There is something way cool about old Cannondales. Don't know what it is. I dig the headtube sticker on this bike! My old Cannondale road bike has plastic cable guides like yours. Does anybody here know when they started to weld their guides?


----------



## MendonCycleSmith (Feb 10, 2005)

Vlad said:


> Does anybody here know when they started to weld their guides?
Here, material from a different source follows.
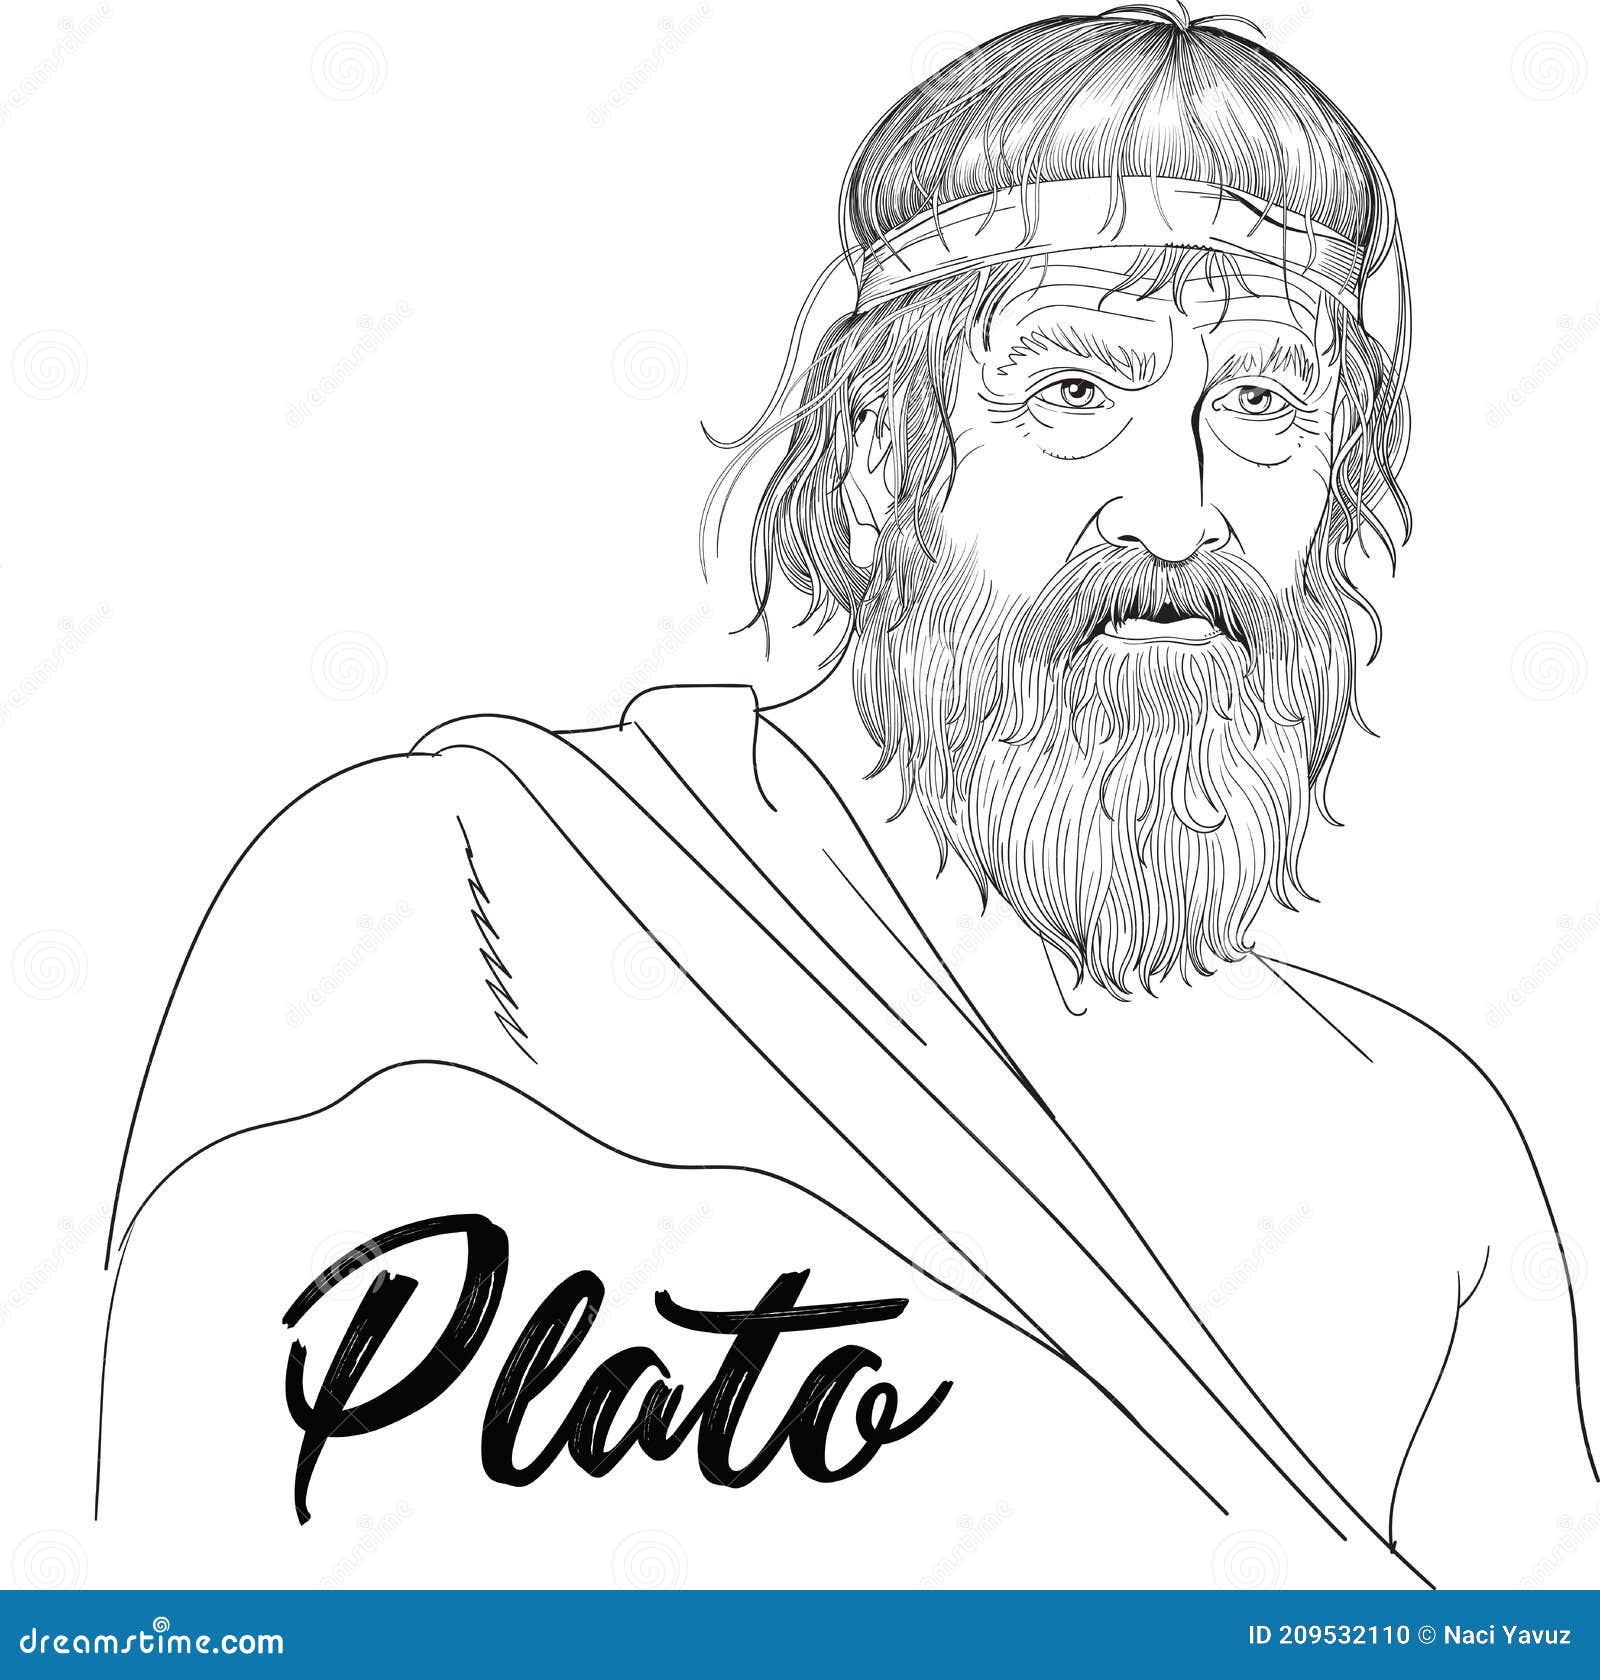 The Ancient Greek Philosopher Plato: His Life and Works - Owlcation

Mid 90's. When they went from the 2.8/3.0 series to the CAAD series.


----------



## Shayne (Jan 14, 2004)

*1992-1993*

The first year of 2.8 road frames had the plastic guides but the rest of them had them welded on the side of the toptube. 3.0 frames went to welded guides in 1993 also. Some of the lower end touring bikes used the plastic guided for another year or two.


----------



## MendonCycleSmith (Feb 10, 2005)

Shayne said:


> Some of the lower end touring bikes used the plastic guided for another year or two.


That's right, I was confusing that cross over time period as a definitive stop point for the plastic stuff. Thanks for straightening that out:thumbsup:


----------



## Dr S (Dec 7, 2007)

Thats lovely. I'd love a pair of those forks to finish my SM600. The originals were destroyed many years back :madman: They ride surprisingly well too.


----------